_Records provided_
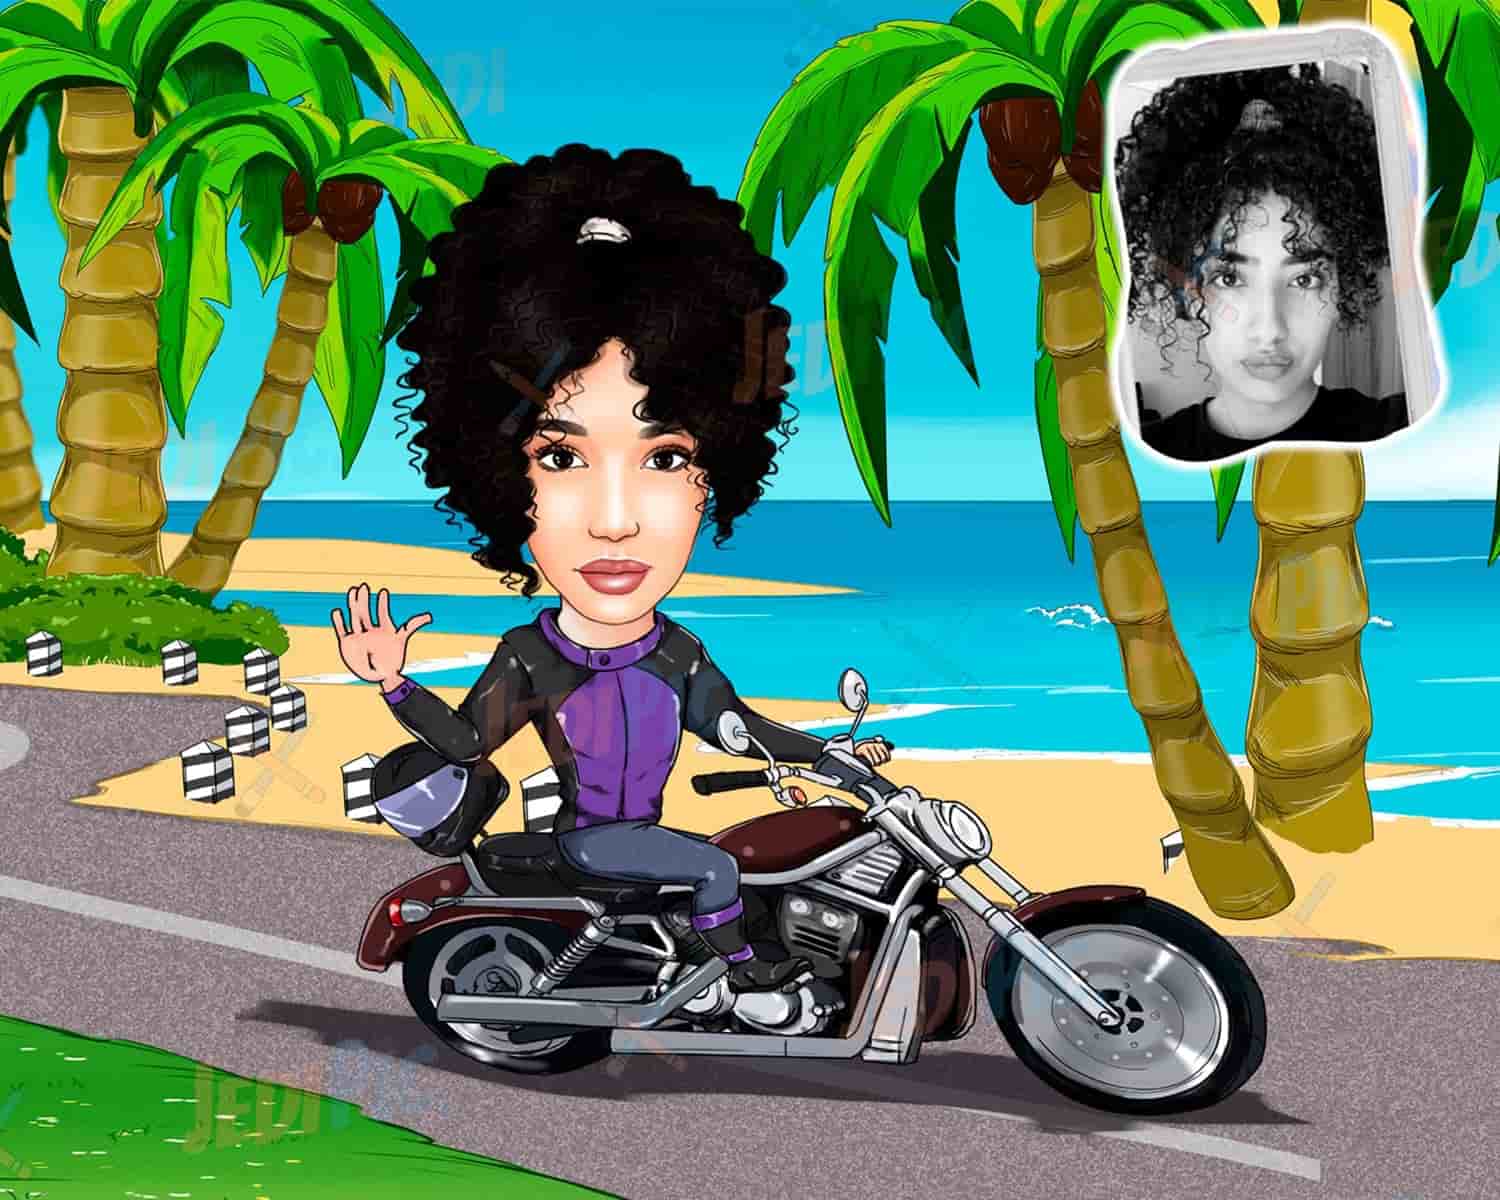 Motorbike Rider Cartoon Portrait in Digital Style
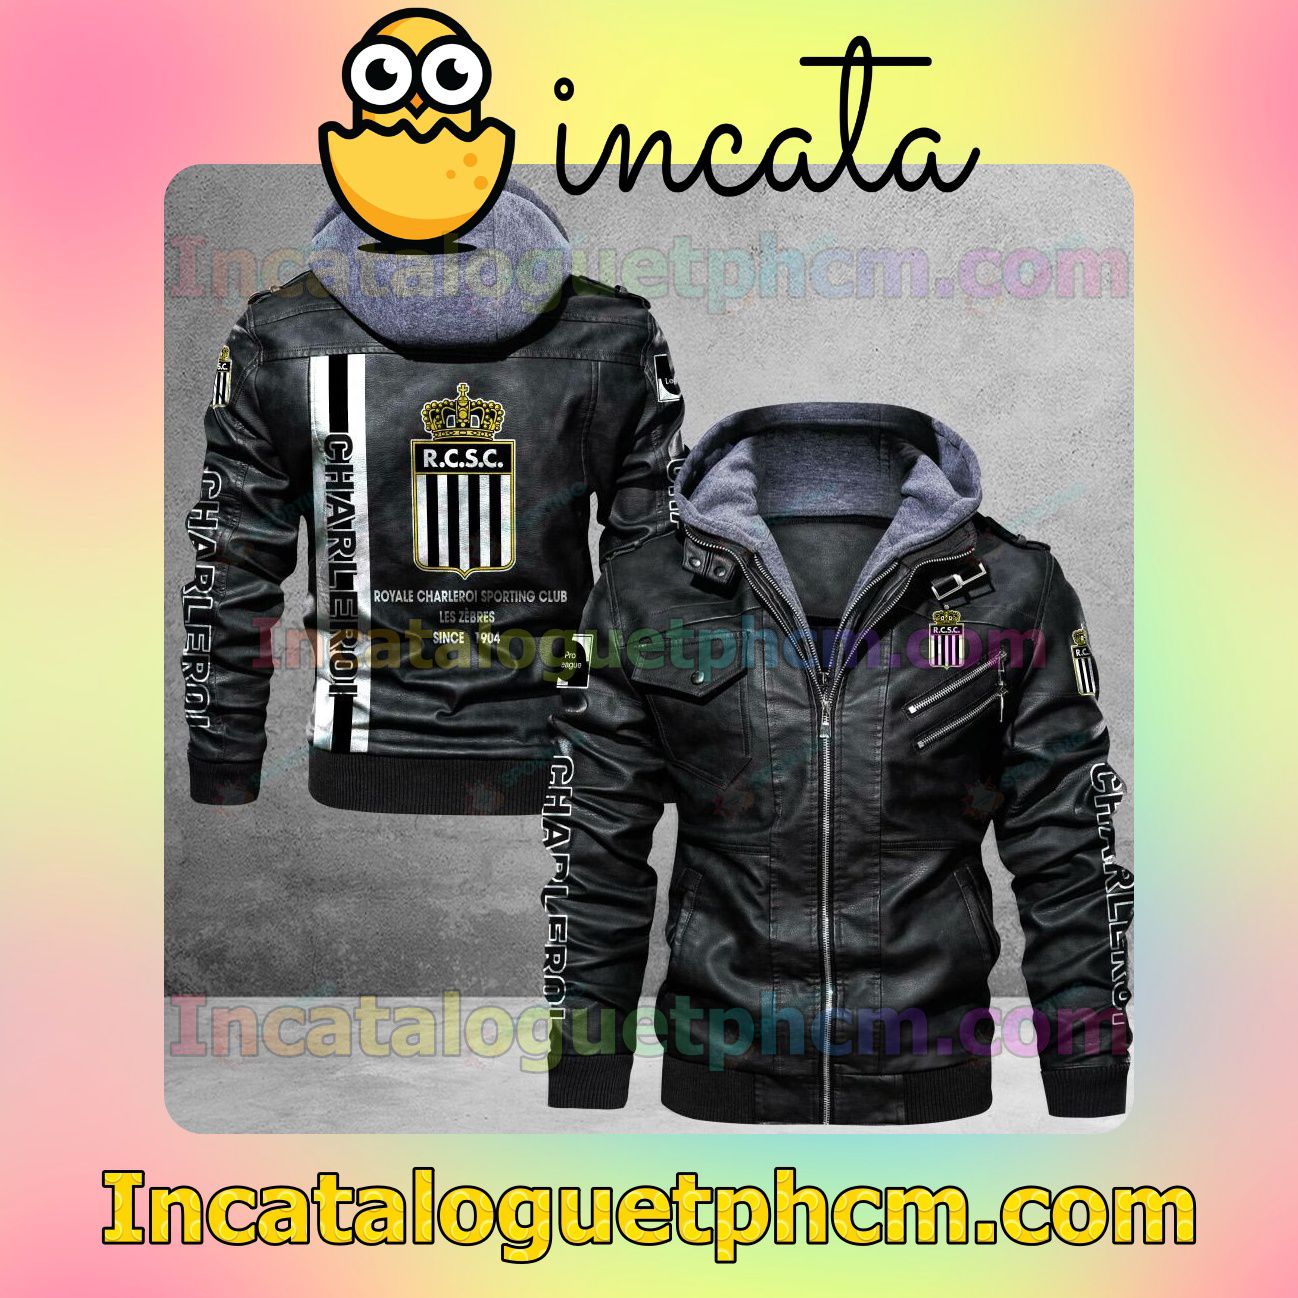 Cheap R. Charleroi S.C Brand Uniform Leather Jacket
==
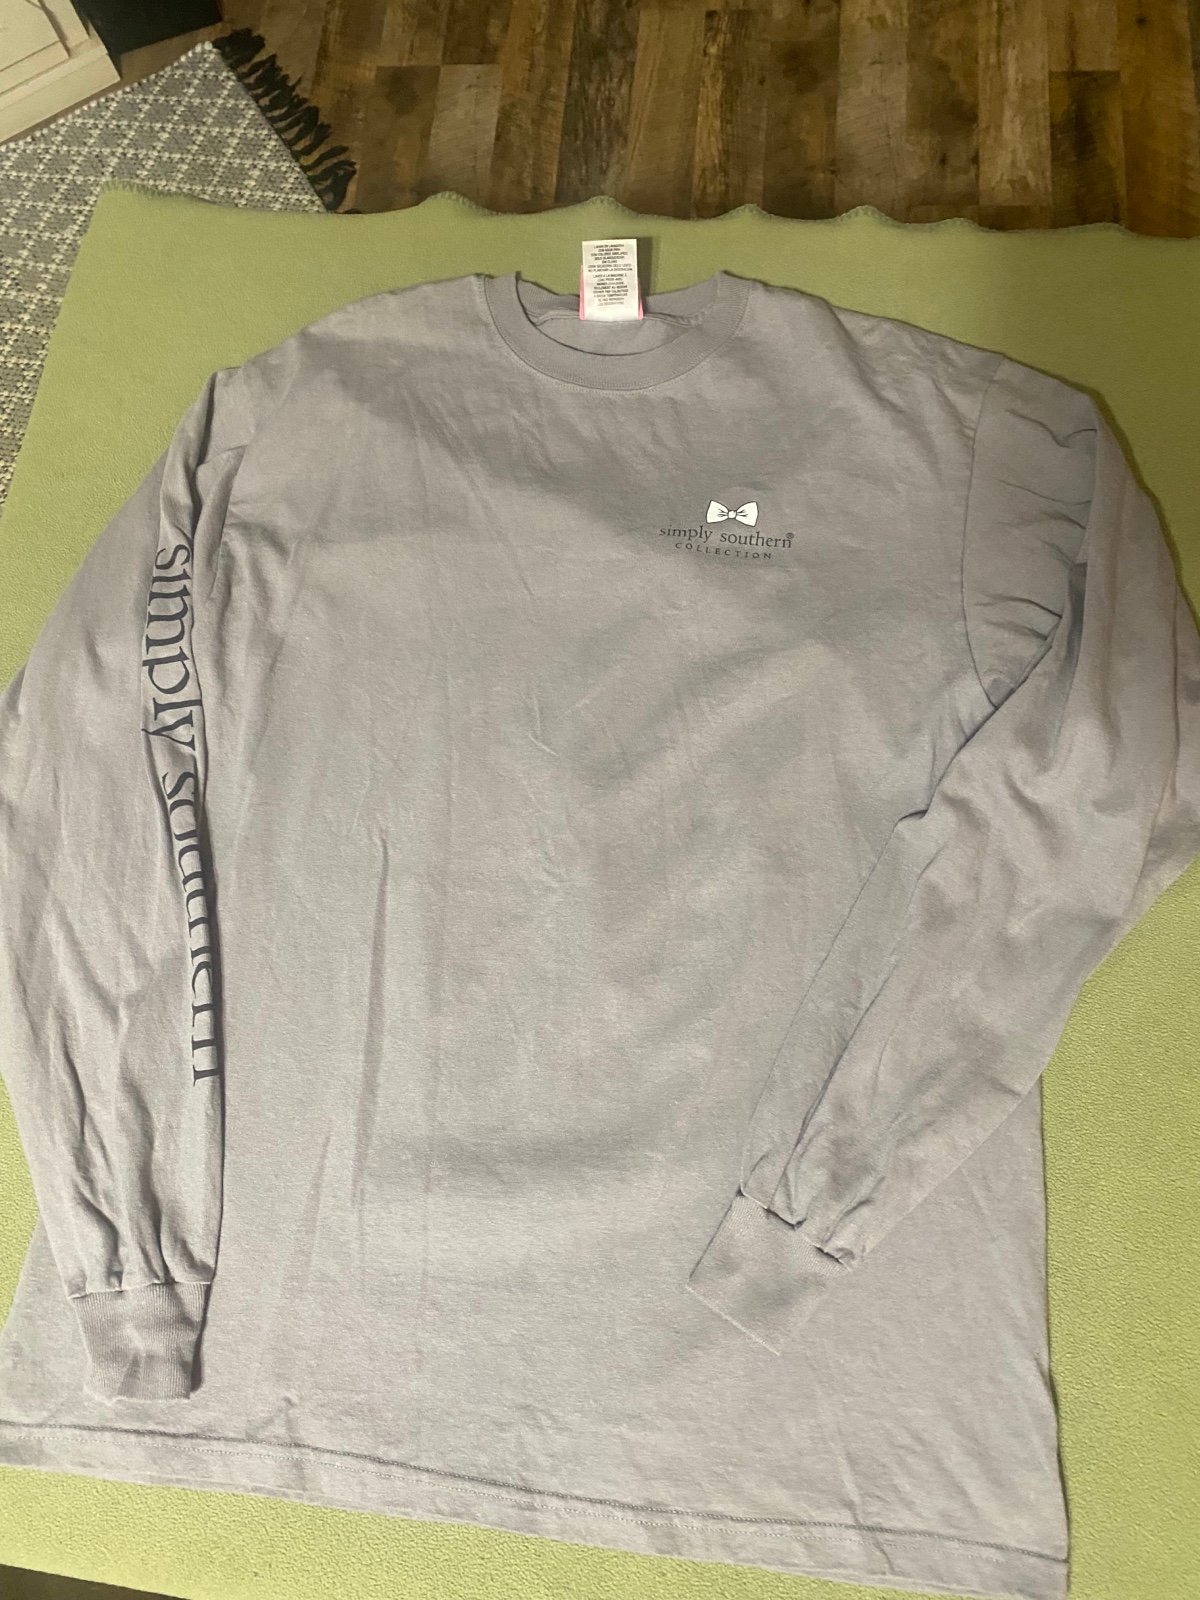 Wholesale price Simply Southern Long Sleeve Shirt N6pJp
---
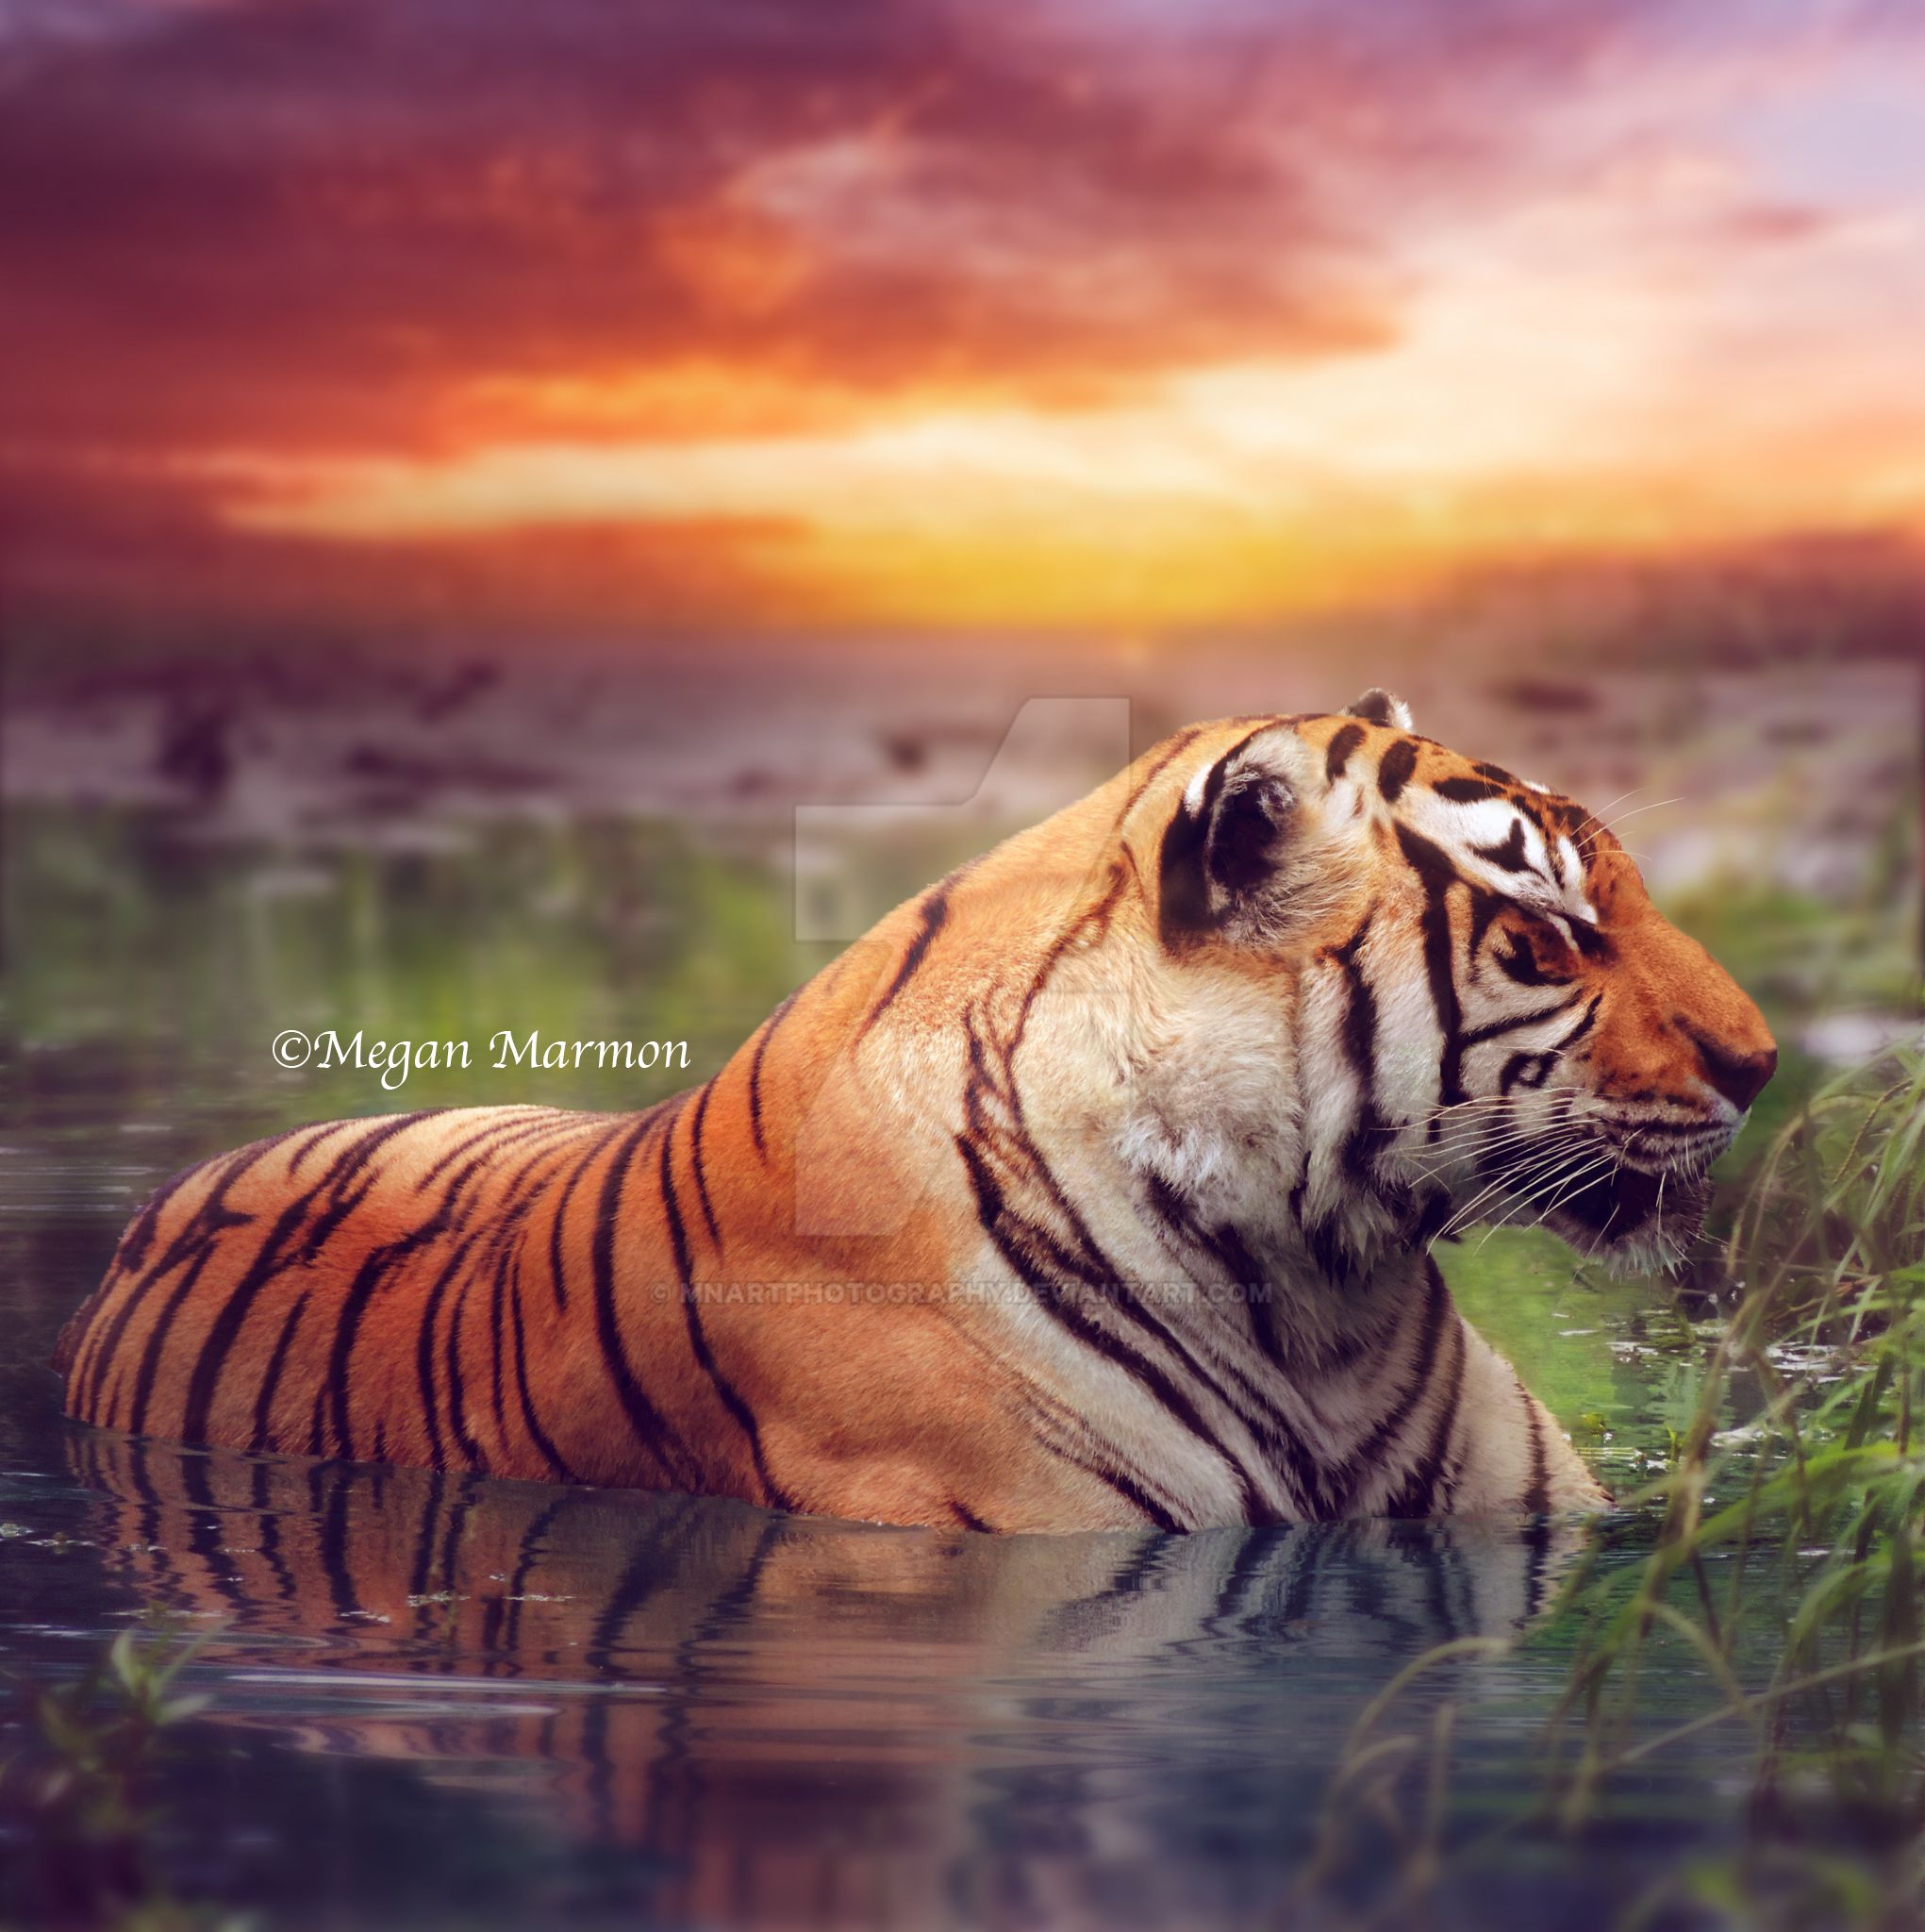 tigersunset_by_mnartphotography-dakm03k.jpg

_Task instructions_
Give back exactly the lines above that run from the one with "Motorbike Rider Cartoon" to the one with "Cheap R. Charleroi", including both, with the pictures left out.

_Task solution_
 Motorbike Rider Cartoon Portrait in Digital Style
 Cheap R. Charleroi S.C Brand Uniform Leather Jacket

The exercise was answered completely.